→ **Information supplied**
※ ※ ※
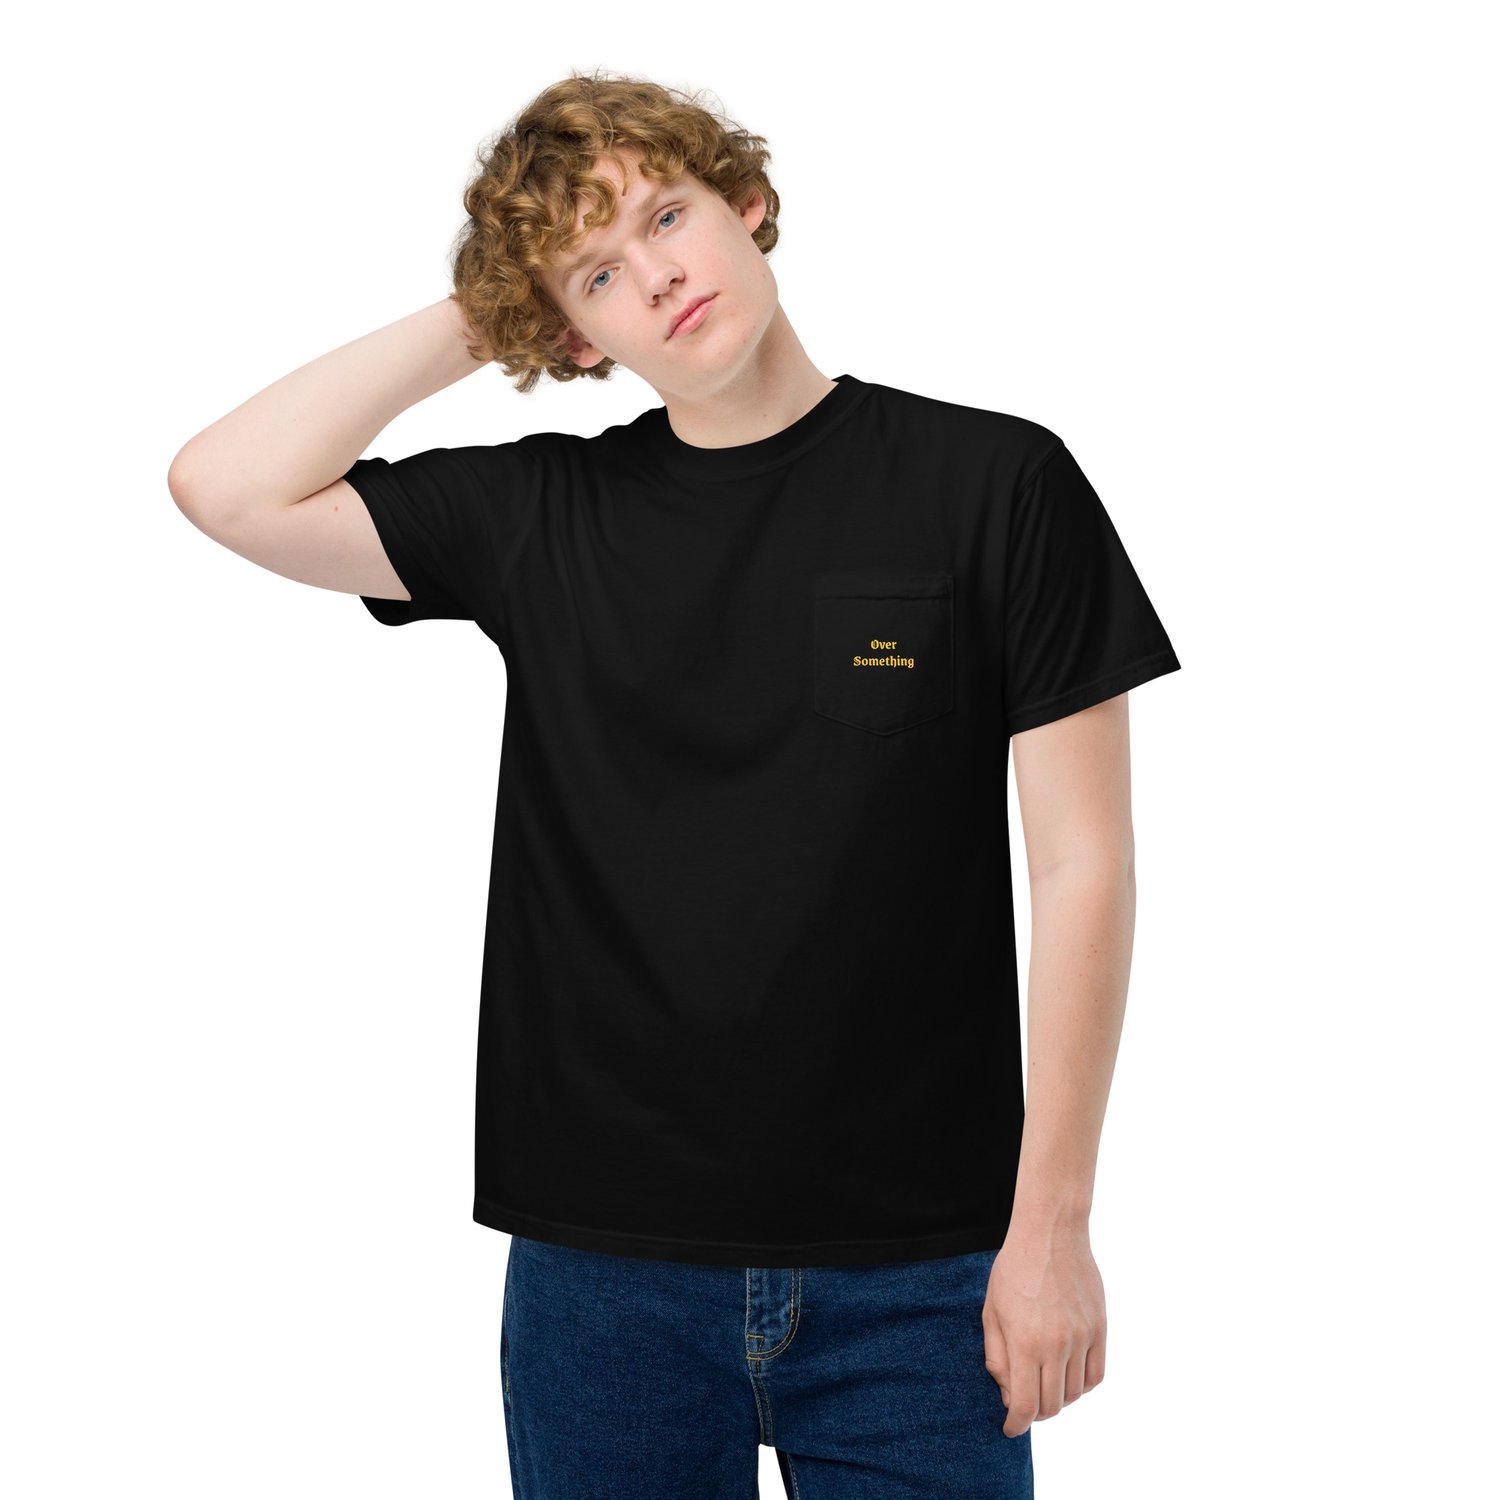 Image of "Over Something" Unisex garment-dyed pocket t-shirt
※ ※ ※
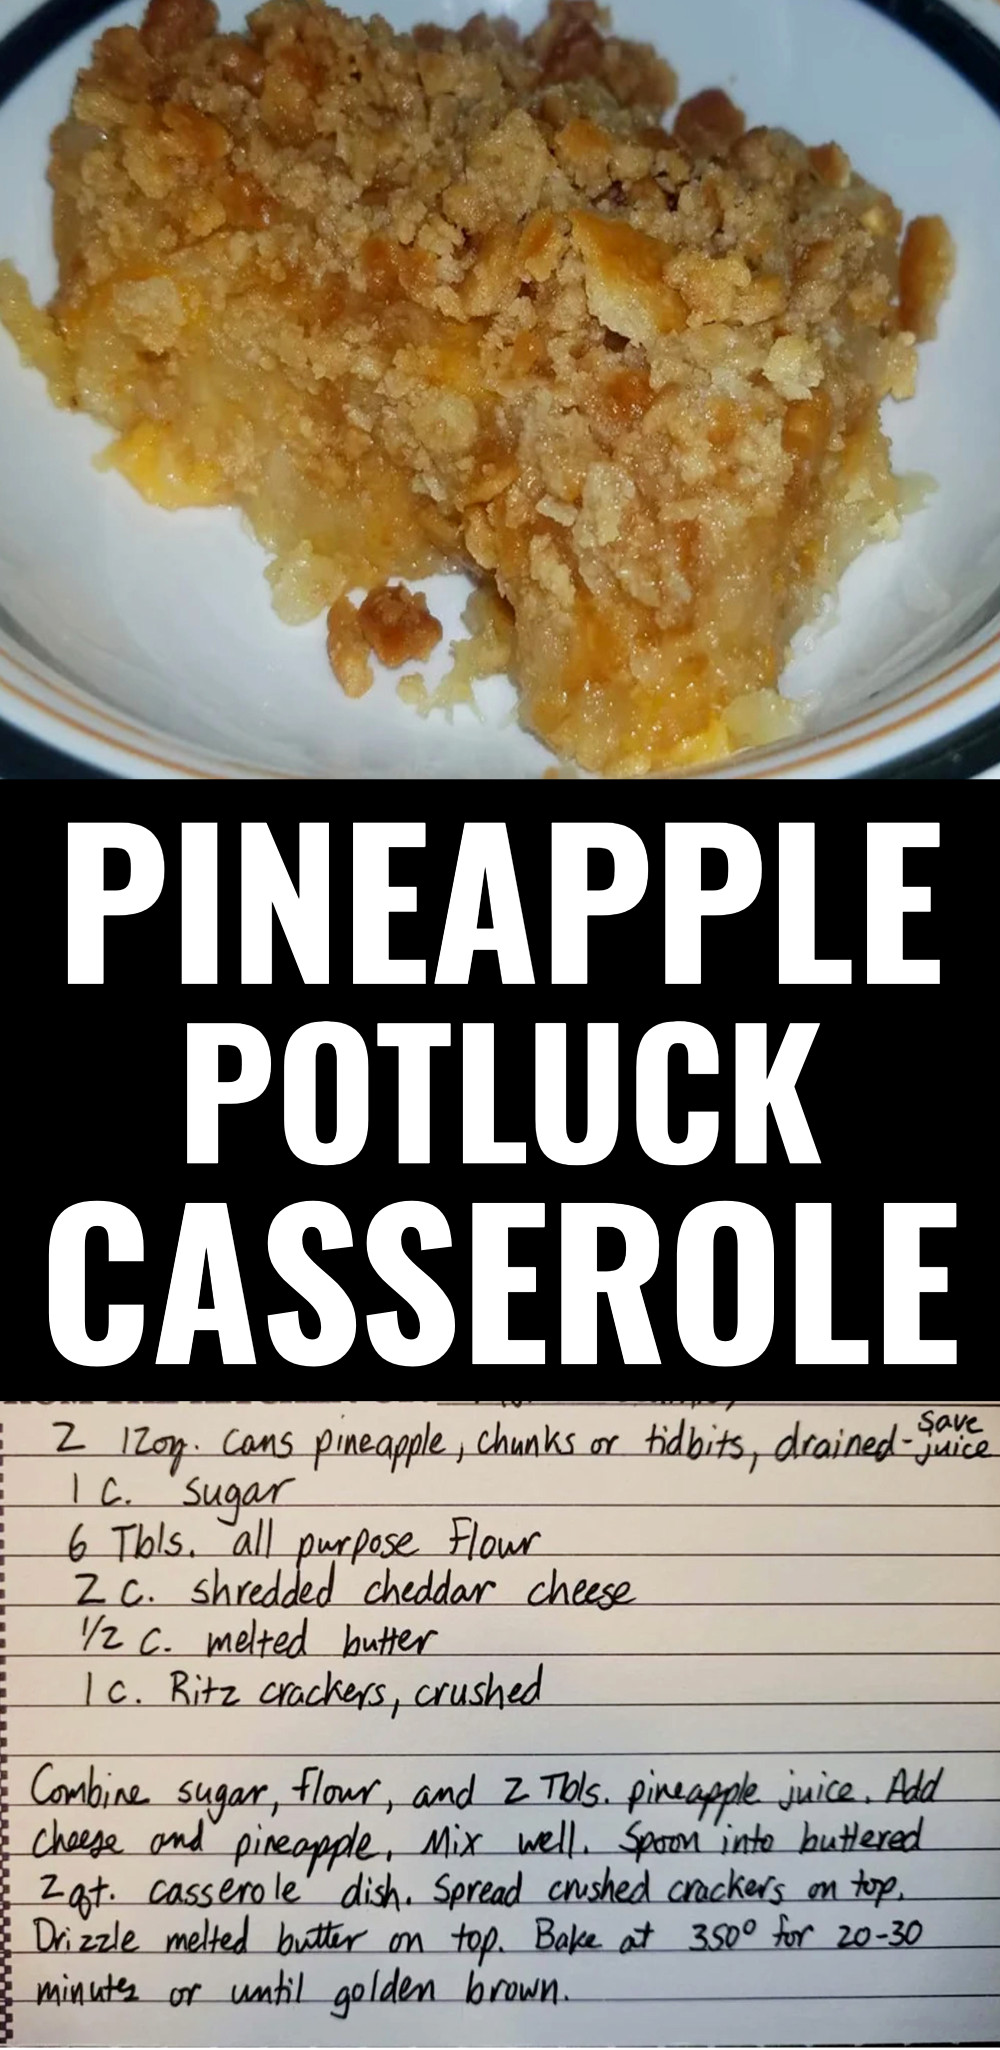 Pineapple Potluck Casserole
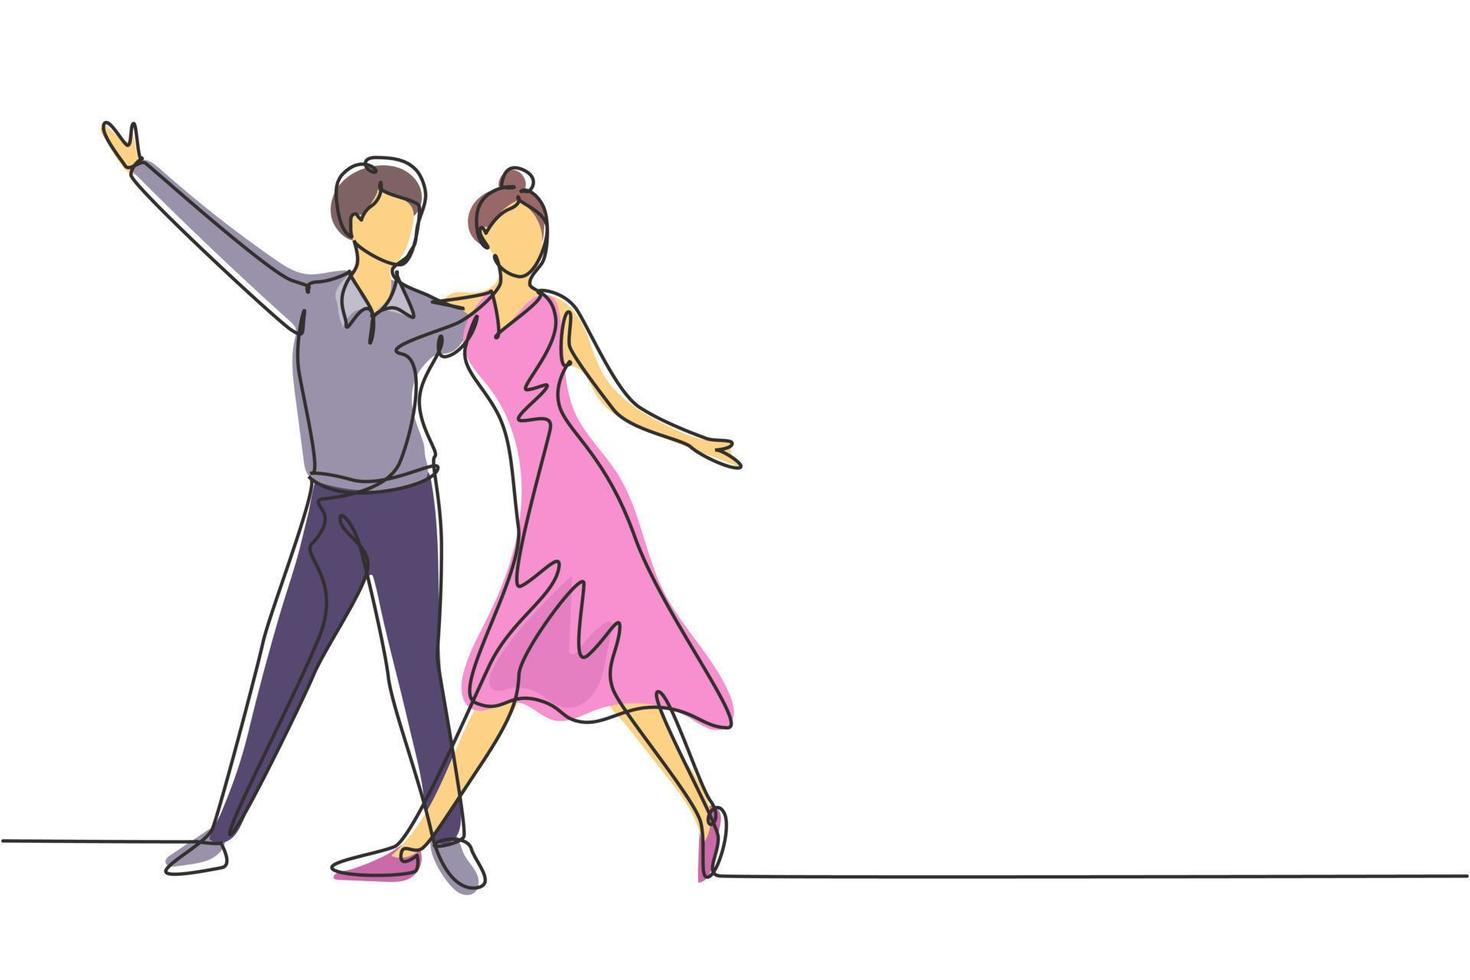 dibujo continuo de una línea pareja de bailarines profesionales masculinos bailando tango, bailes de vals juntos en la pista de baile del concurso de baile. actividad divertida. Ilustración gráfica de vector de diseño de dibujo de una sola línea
※ ※ ※
Within the listing above, the lines from the one with "Pineapple Potluck Casserole" through the one with "dibujo continuo de" are to be given again word for word. Do not include pictures.

→ **Answer section**
 Pineapple Potluck Casserole
 dibujo continuo de una línea pareja de bailarines profesionales masculinos bailando tango, bailes de vals juntos en la pista de baile del concurso de baile. actividad divertida. Ilustración gráfica de vector de diseño de dibujo de una sola línea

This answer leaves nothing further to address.